Systemic administration of a novel human umbilical cord mesenchymal stem cells population accelerates the resolution of acute liver injury

Authors: Patrizia Burra, Diletta Arcidiacono, Debora Bizzaro, Tatiana Chioato, Rosa Di Liddo, Antara Banerjee, Andrea Cappon, Patrizio Bo, Maria Teresa Conconi, Pier Paolo Parnigotto, Silvia Mirandola, Enrico Gringeri, Amedeo Carraro, Umberto Cillo, Francesco Paolo Russo

Published in: BMC Gastroenterology | Issue 1/2012

Abstract

Background

Hepatocytes and stem cells transplantation may be an alternative to liver transplantation in acute or chronic liver disease. We aimed to evaluate the therapeutic potential of mesenchymal stem cells from human umbilical cord (UCMSCs), a readily available source of mesenchymal stem cells, in the CCl₄-induced acute liver injury model.

Methods

Mesenchymal stem cells profile was analyzed by flow cytometry. In order to evaluate the capability of our UCMSCs to differentiate in hepatocytes, cells were seeded on three different supports, untreated plastic support, Matrigel^TM and human liver acellular matrix. Cells were analyzed by immunocitochemistry for alpha-fetoprotein and albumin expression, qPCR for hepatocyte markers gene expression, Periodic Acid-Schiff staining for glycogen storage, ELISA for albumin detection and colorimetric assay for urea secretion.
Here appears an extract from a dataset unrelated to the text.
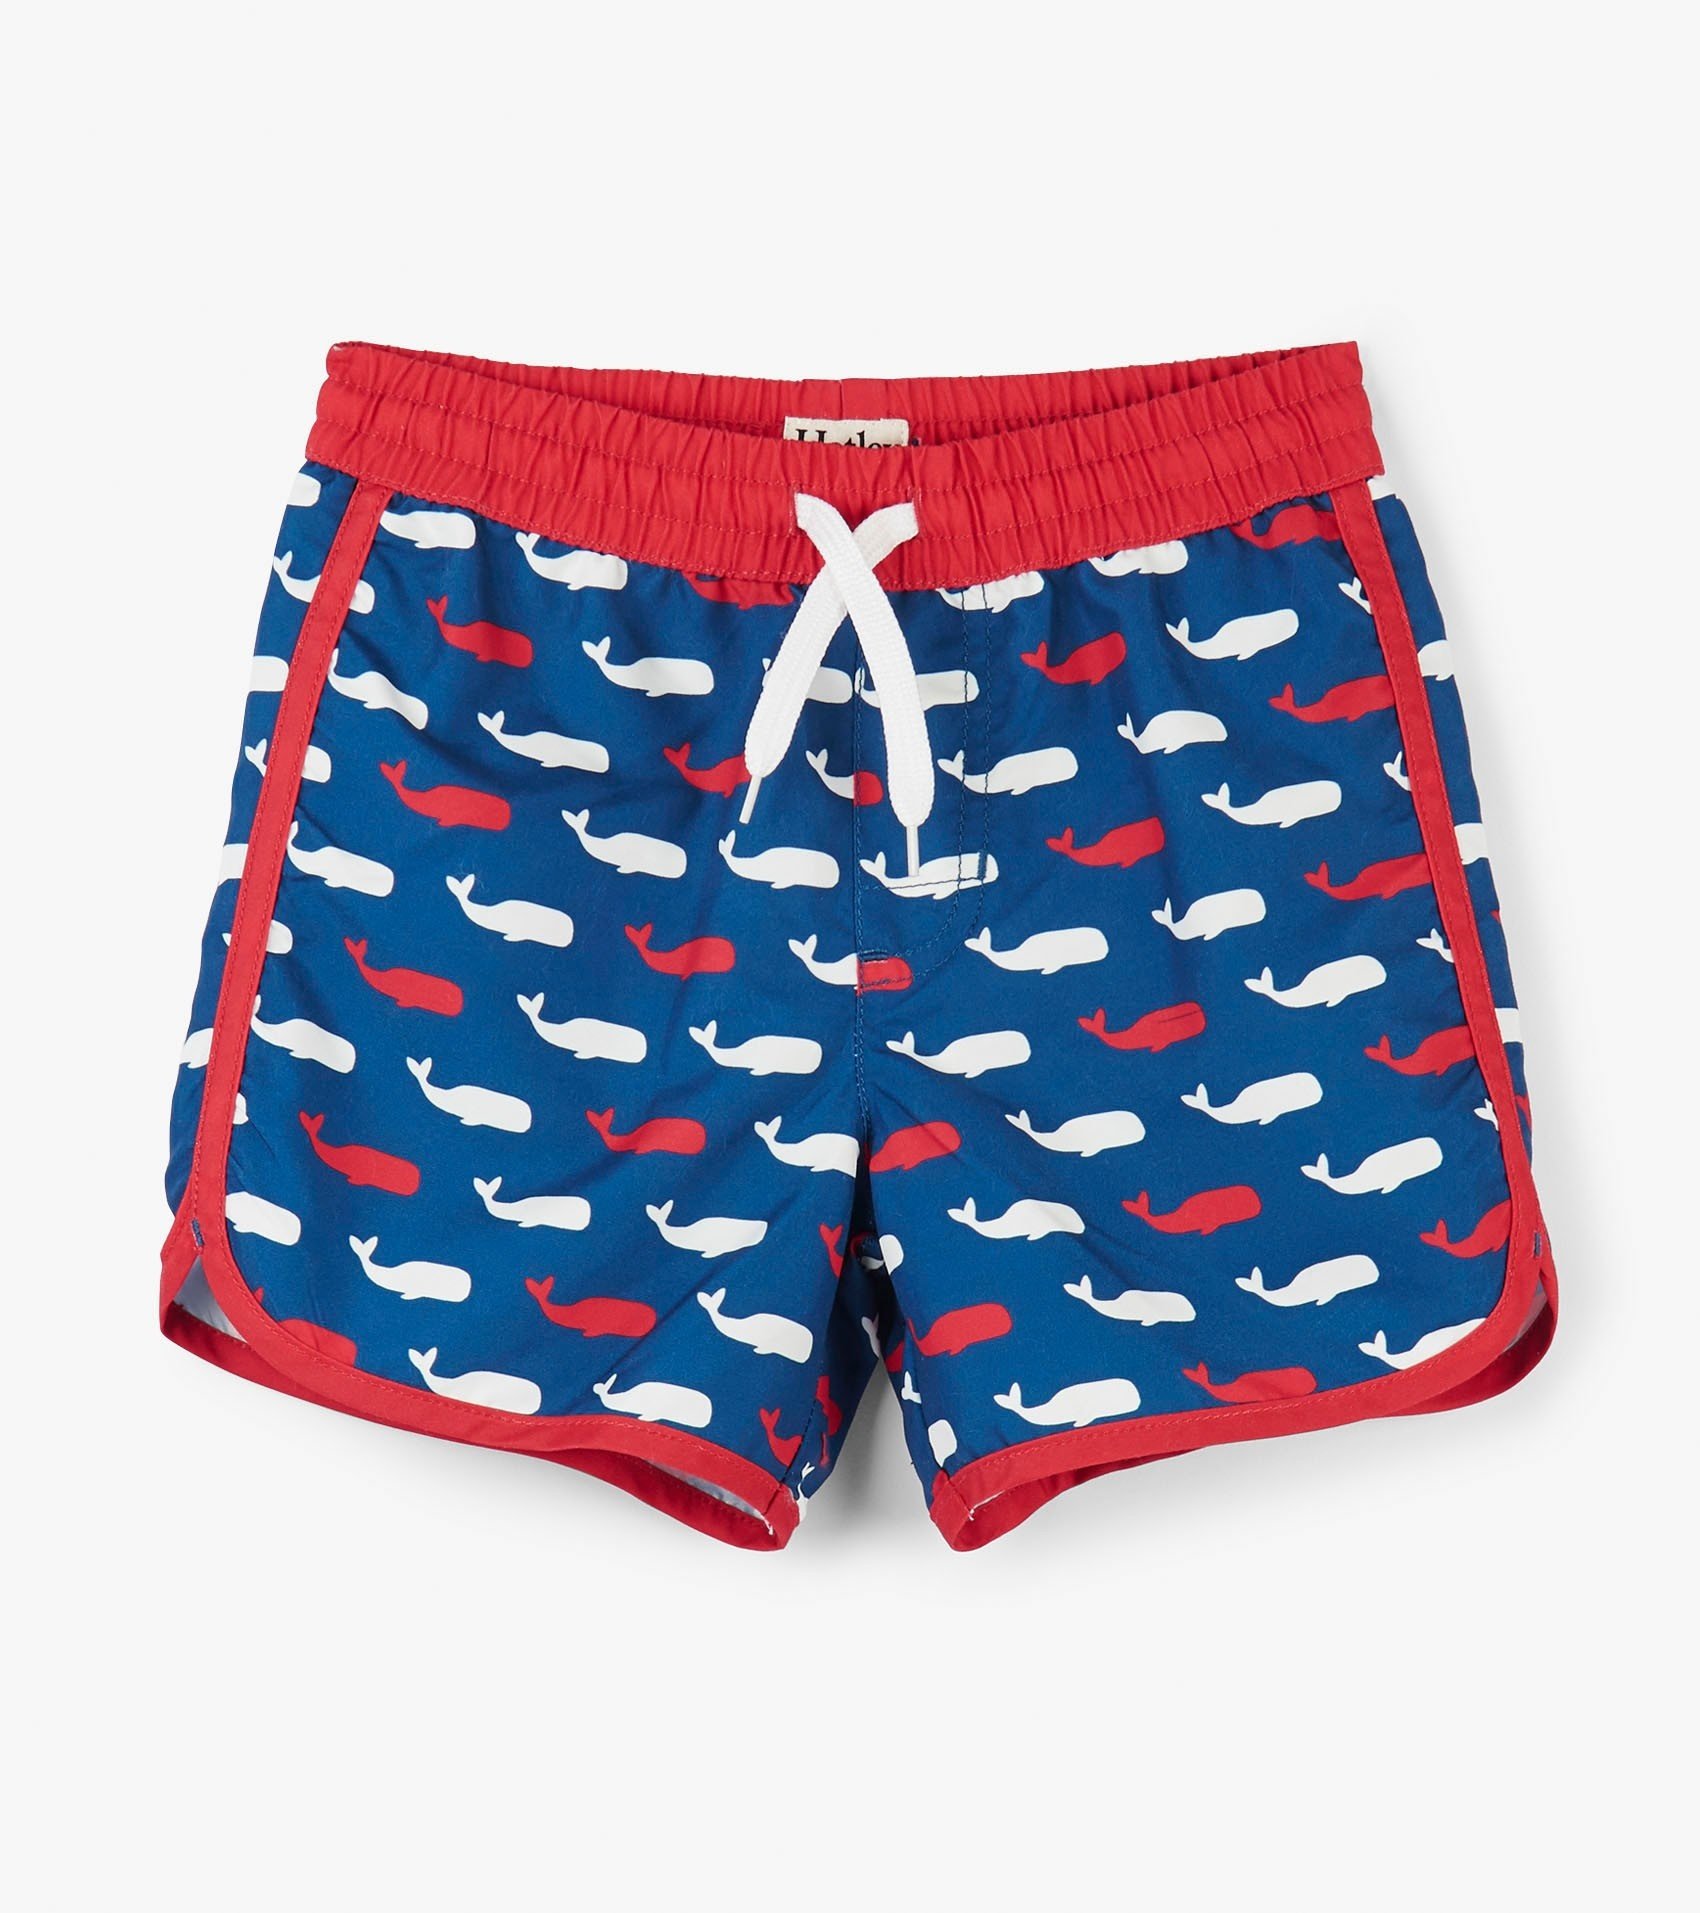 Boys Swim Trunks UPF 50 by Hatley in Victoria BC Canada at Abby Sprouts ...
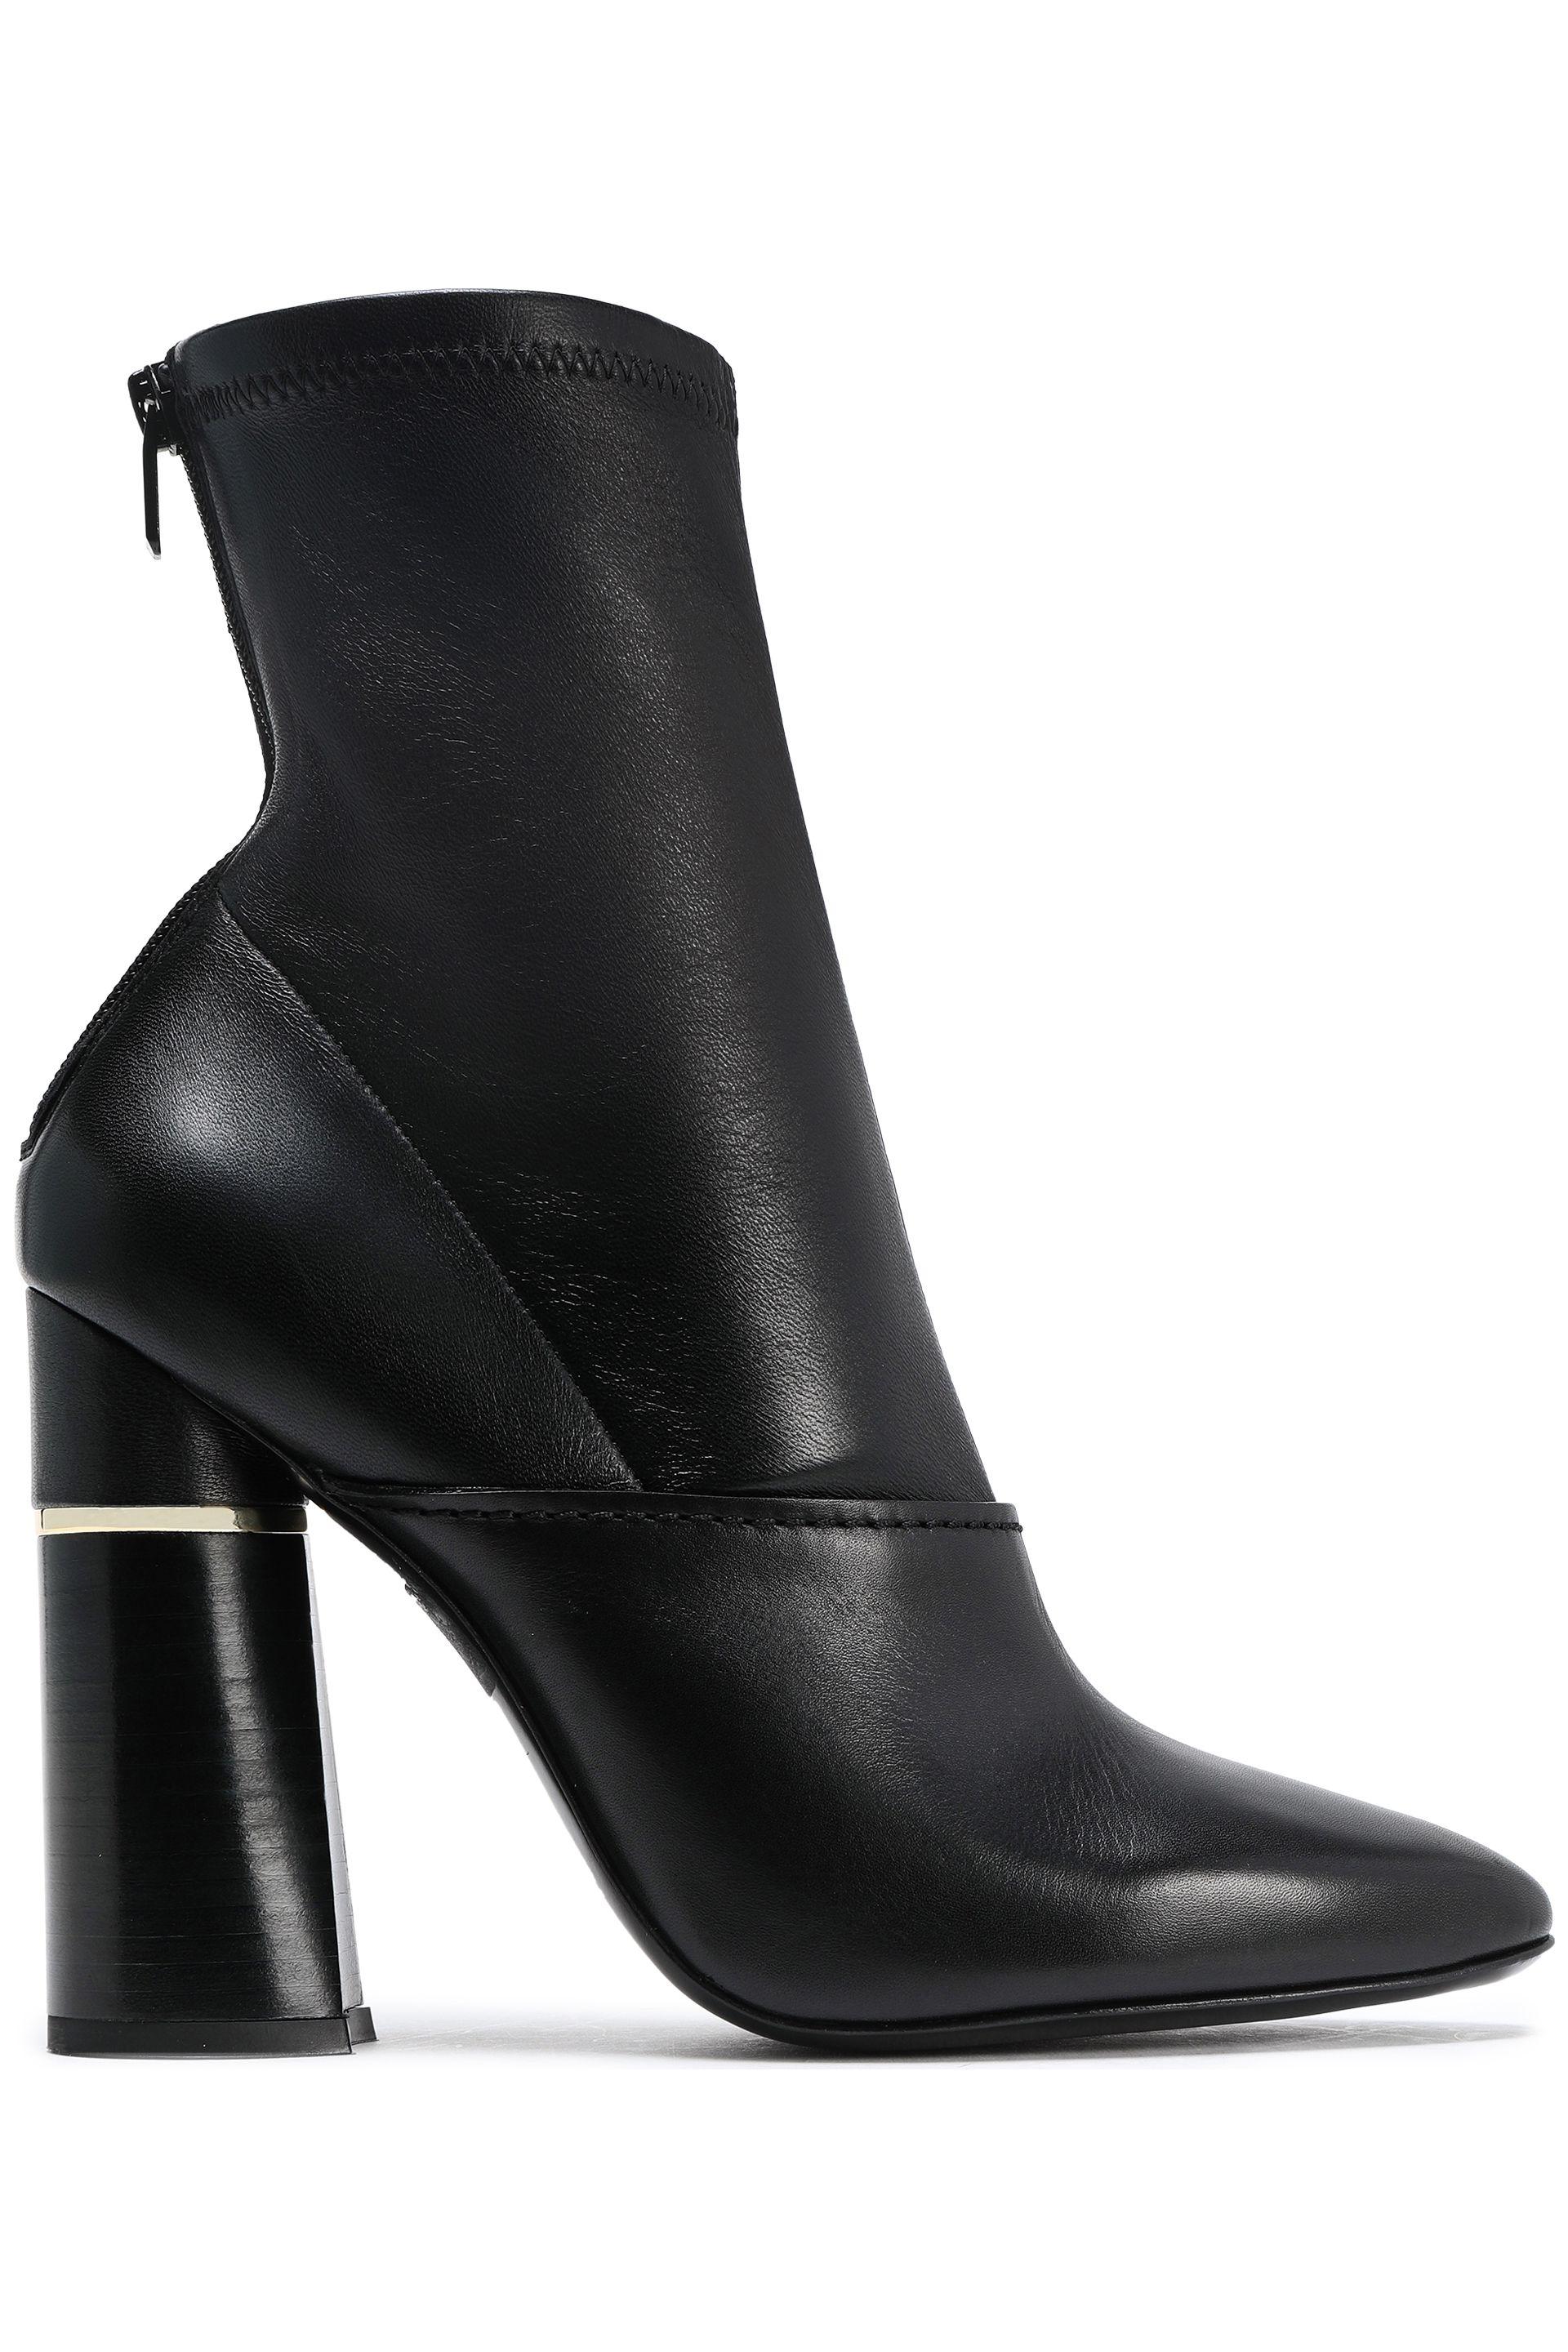 Lyst - 3.1 Phillip Lim Woman Kyoto Stretch-leather Ankle Boots Black in ...

To assess the effects of undifferentiated UCMSCs in hepatic regeneration after an acute liver injury, we transplanted them via tail vein in mice injected intraperitoneally with a single dose of CCl₄. Livers were analyzed by histological evaluation for damage quantification, immunostaining for Kupffer and stellate cells/liver myofibroblasts activation and for UCMSCs homing. Pro- and anti-inflammatory cytokines gene expression was evaluated by qPCR analysis and antioxidant enzyme activity was measured by catalase quantification.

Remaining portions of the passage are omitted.